The Shanghai Composite Index, which tracks the bigger of China’s stock exchanges, fell 46.14, or 1.9 percent, to close at 2,424.30, the most since June 29. The gauge has slumped 26 percent in 2010, Asia’s worst performer, as the government stepped up measures to curb inflation and property speculation. The CSI 300 Index slipped 1.7 percent to 2,608.52, with all 10 industry groups retreating.
The Shanghai Composite initially erased declines to gain 1 percent after the data was released at 10 a.m. local time, before losing ground.
Economic growth of 10.3 percent was less than the median 10.5 percent estimate in a Bloomberg News survey of 28 economists and eased from an 11.9 percent gain in January-March, statistics bureau data showed.
Industrial output rose 13.7 percent, compared with analysts’ forecasts of 15.1 percent. That was the weakest since September excluding January and February numbers distorted by a Lunar New Year holiday.
Jiangxi Copper, China’s biggest producer of the metal, lost 1.4 percent to 24.93 yuan. Anhui Conch, the nation’s biggest cement maker, slid 1.6 percent to 16.72 yuan. China First Heavy Industries Co., a maker of equipment used in the mining and energy industries, retreated 3.2 percent to 5.10 yuan.
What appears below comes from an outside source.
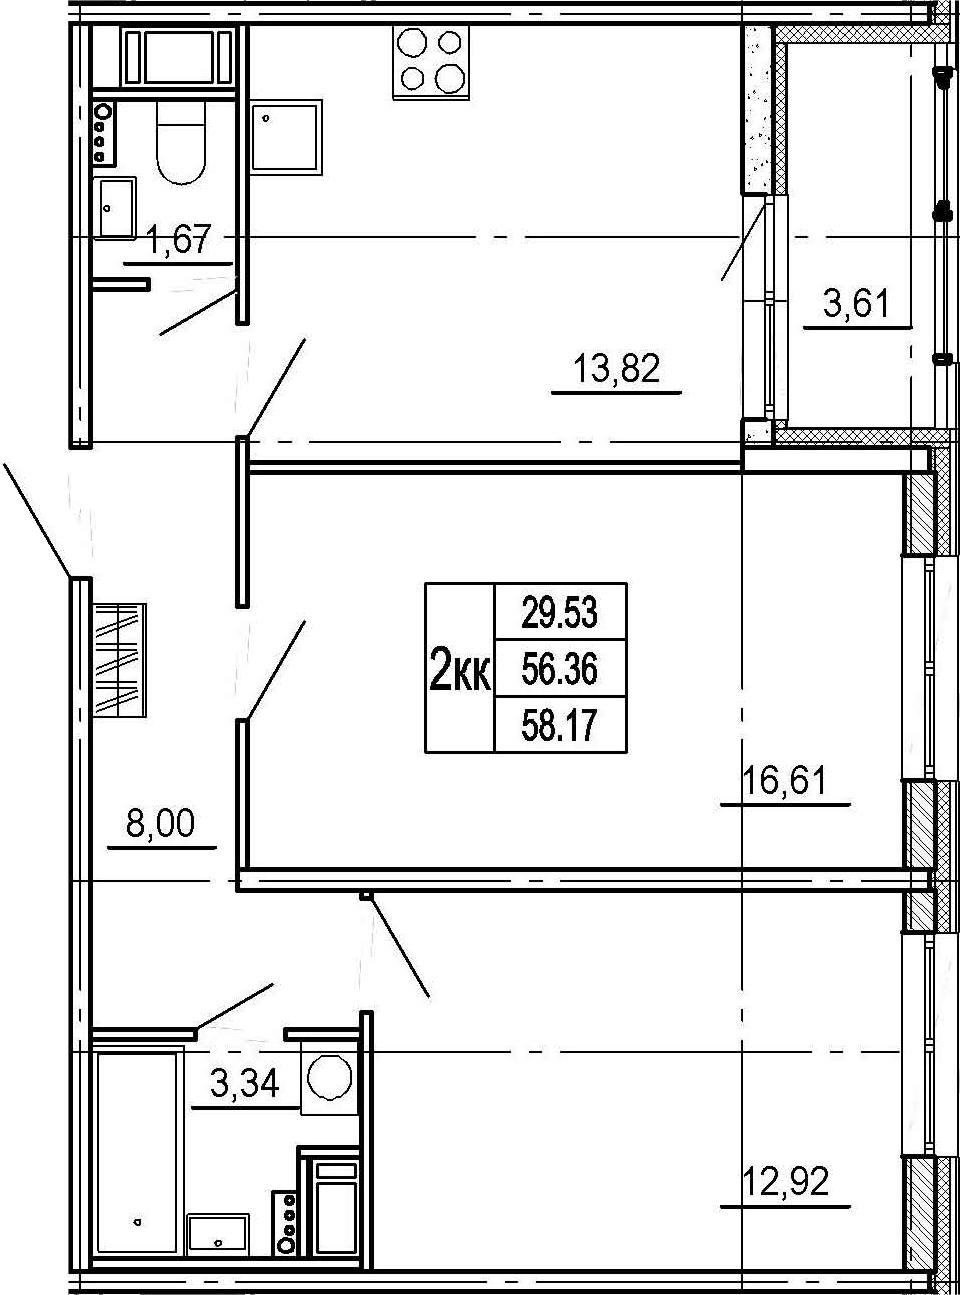 2-комнатная, 56.36 м²– 2

China’s economy is slowing faster than anticipated, with retail sales, industrial production and fixed-asset investment growth weaker than forecast, according to Mark Williams, senior China economist at Capital Economics.
“Concerns about overheating - which we never thought justified - have rapidly given way to worries that the economy is headed for a hard landing,” London-based Williams said in a report today.
Urban fixed-asset investment gained 25.5 percent in the first six months of 2010 from a year earlier, the statistics bureau said in today’s statement. The pace compares with a 33.6 percent increase in the first half of 2009, when a 4 trillion yuan fiscal stimulus program was kicking in. Retail sales rose 18.3 percent in June from a year earlier, the bureau said.
Agricultural Bank’s first-day gain contrasted with losses for other lenders. The bank sold shares in China at 2.68 yuan each as part of an initial public offering that valued the company at $126 billion. The stock rose 0.8 percent to 2.70.
Bank of China Ltd. slid 2.3 percent to 3.45 yuan. Industrial & Commercial Bank of China Ltd. retreated 1.7 percent to 4.18 yuan.
Chinese bank lending in the first half was 28 percent higher than official numbers suggest as more loans were repackaged into investment products, “distorting” credit data, Fitch Ratings said yesterday.
Refiners fell after domestic crude-oil processing increased the least in eight months.
China Petroleum & Chemical Corp., Asia’s biggest oil refiner that’s also known as Sinopec, dropped 2.1 percent to 7.95 yuan. PetroChina Co., the nation’s biggest oil company, lost 1.3 percent to 10.28 yuan.
Crude processing climbed 11 percent from a year earlier, according to China Mainland Marketing Research Co. That’s the slowest pace of growth since the 10 percent increase in October last year, according to the research company, which compiles data for the government.
A slowdown in China’s economy will test the government’s resolve to deflate a real-estate bubble, according to Stone & McCarthy Research Associates’ Tom Orlik. China is unlikely to raise interest rates this year and the government may consider “less rigid” application of loan quotas in the second half if there is a rapid slowdown in growth, he said in an e-mail.
Inflation cooled to 2.9 percent in June, reported in Beijing today. Analysts’ forecasts indicated June inflation of 3.3 percent. In May, consumer prices rose 3.1 percent, the fastest pace in 19 months.
Anthony Bolton, Fidelity International’s president for investment, said conditions are in place for the resumption of a bull market in Chinese A shares.
“We’ve had a bear market for a year,” Bolton said at a press briefing in Hong Kong. “Valuations are now very attractive on certain companies. We’ve got all the background for a new phase of bull market.”
Zijin Mining, China’s largest gold producer, lost 4.2 percent to 5.52 yuan. The company said the China Securities Regulatory Commission will investigate its release of information about a leak of waste water from a mine in Fujian province that polluted a local river.
Citic Guoan Information Industry Co. slumped 7.7 percent to 10.40 yuan, the biggest drop since June 29. The company said first-half net income probably dropped and it may not post a profit for the period.